PROMPT:
I'd like the entire listing output verbatim, apart from the pictures.

SUPPLIED INFORMATION:
---+---
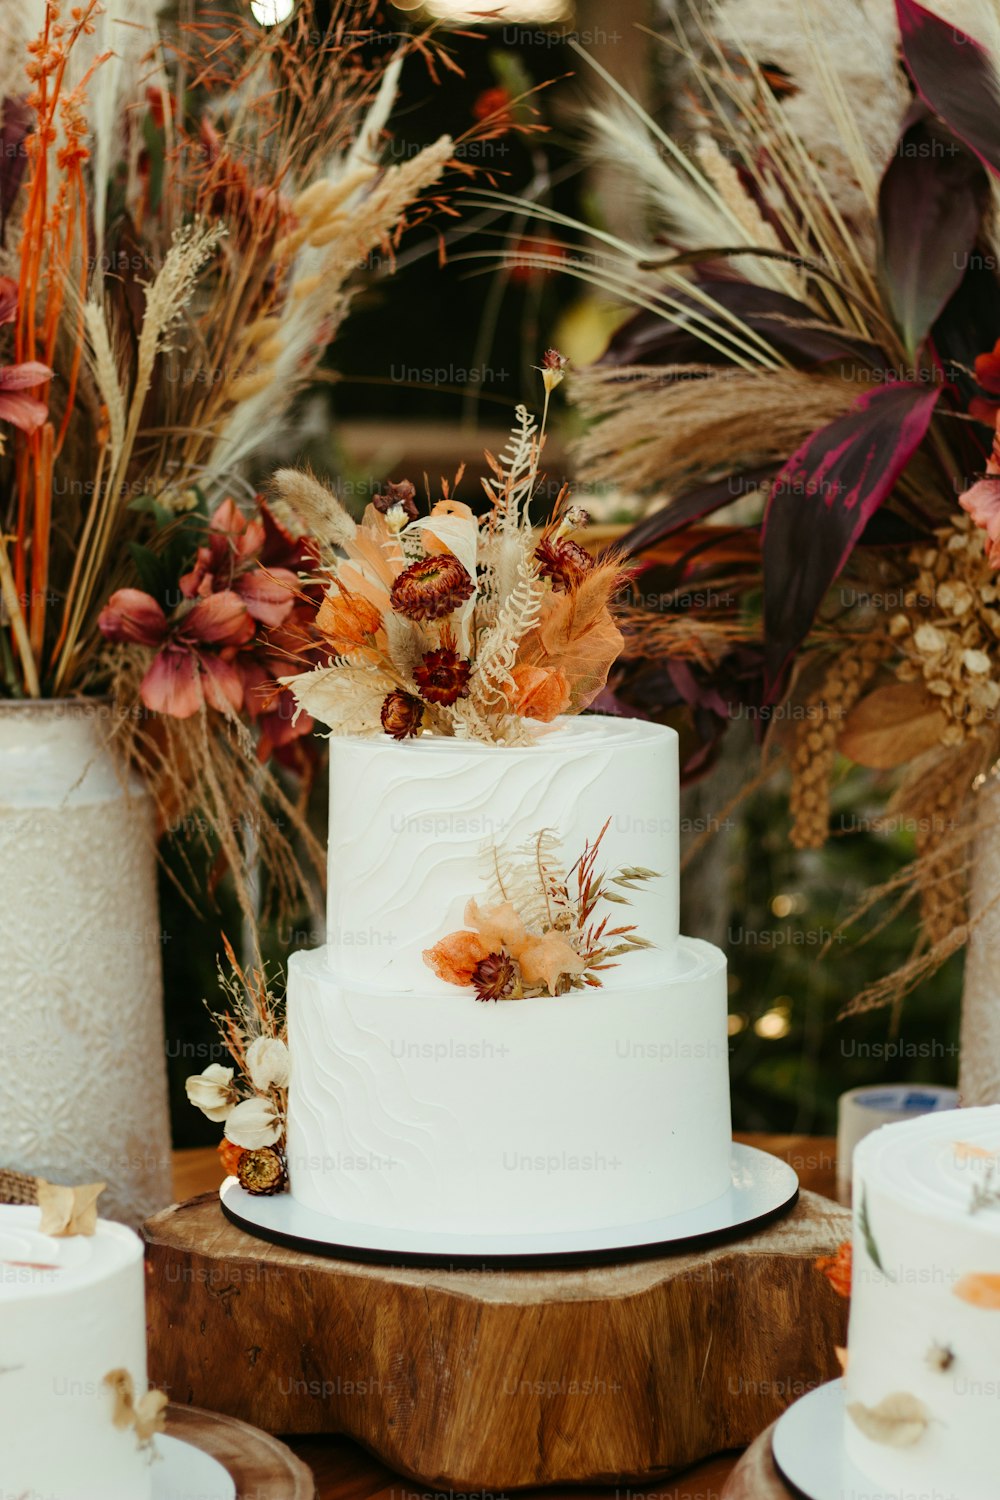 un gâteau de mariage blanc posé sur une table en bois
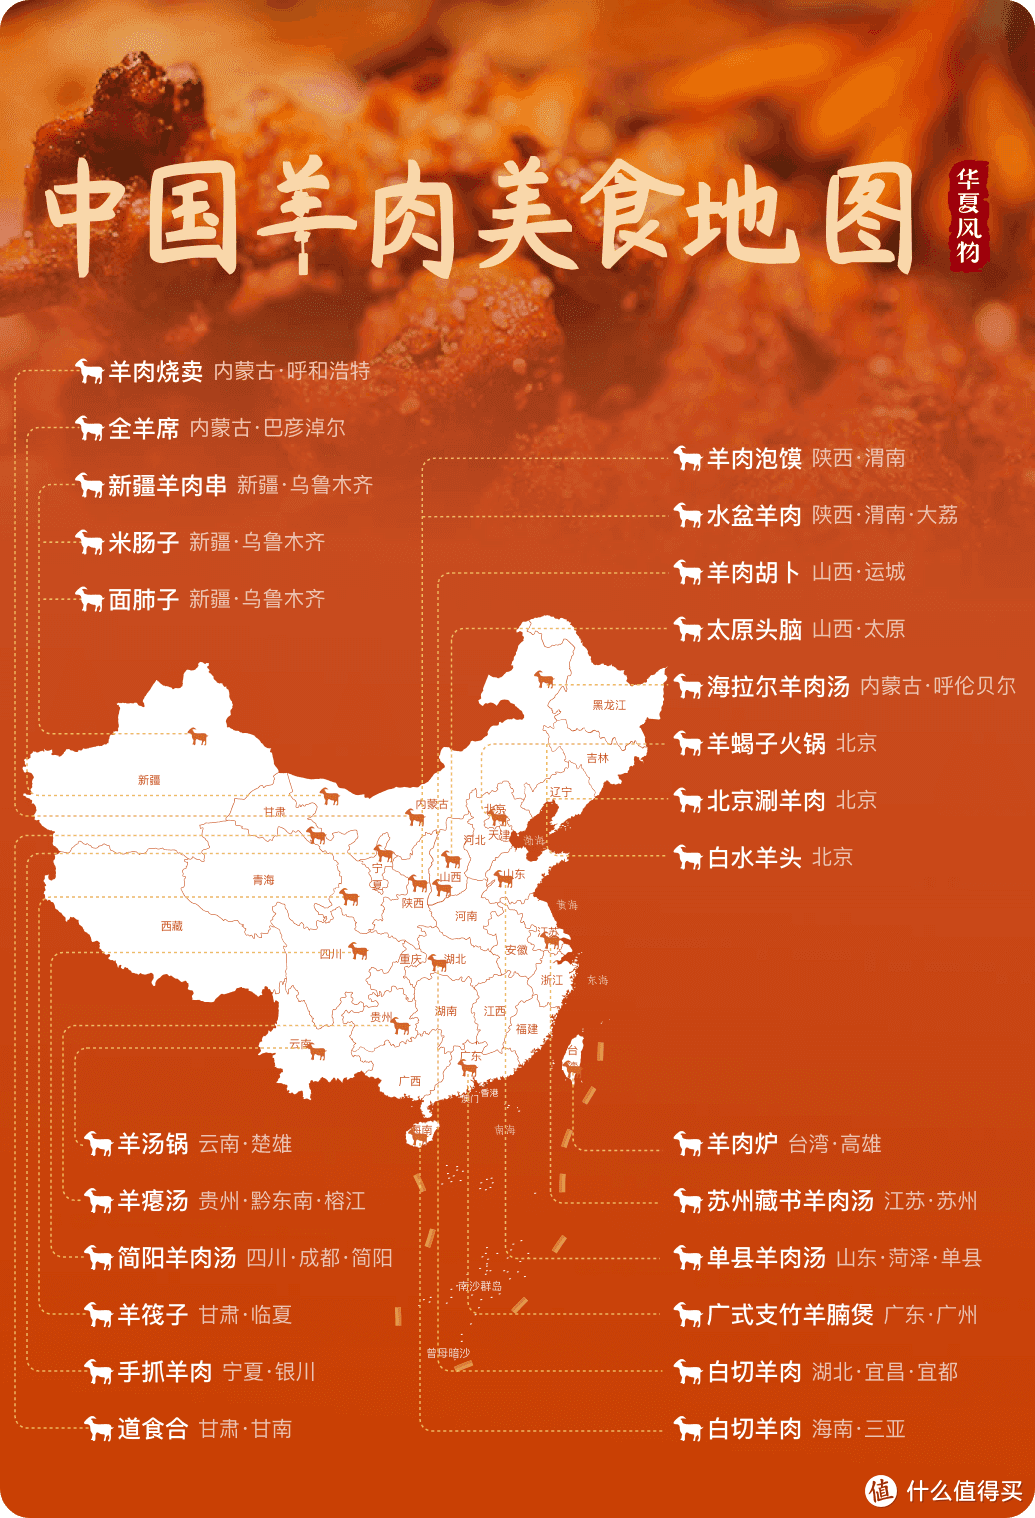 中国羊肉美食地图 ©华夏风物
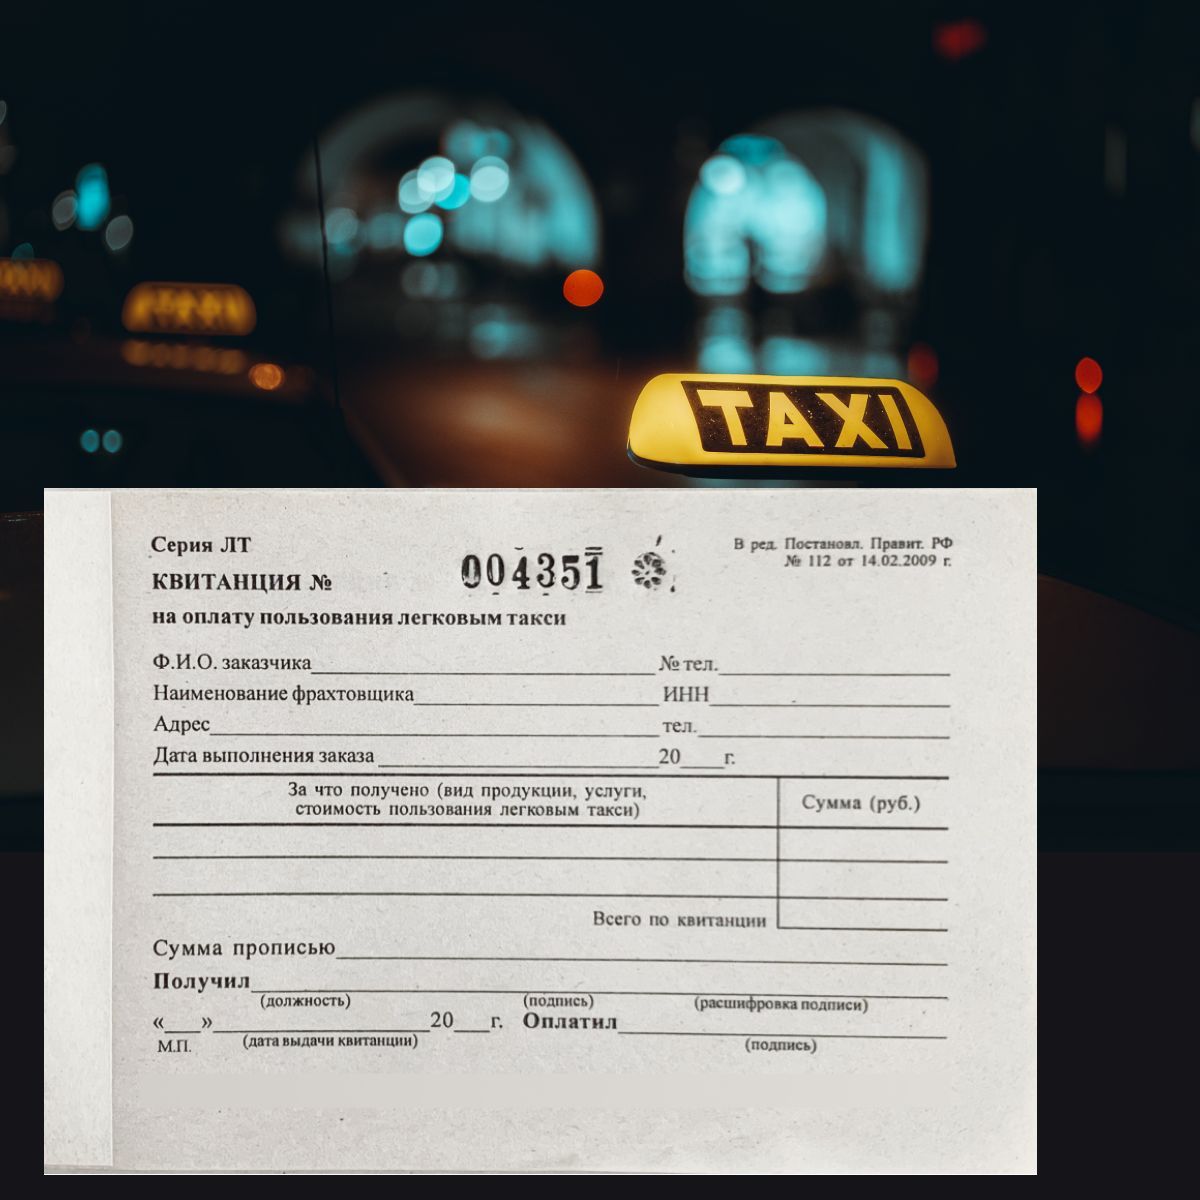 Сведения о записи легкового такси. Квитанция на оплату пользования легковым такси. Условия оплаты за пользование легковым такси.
---+---
OUTPUT:
 un gâteau de mariage blanc posé sur une table en bois
 中国羊肉美食地图 ©华夏风物
 Сведения о записи легкового такси. Квитанция на оплату пользования легковым такси. Условия оплаты за пользование легковым такси.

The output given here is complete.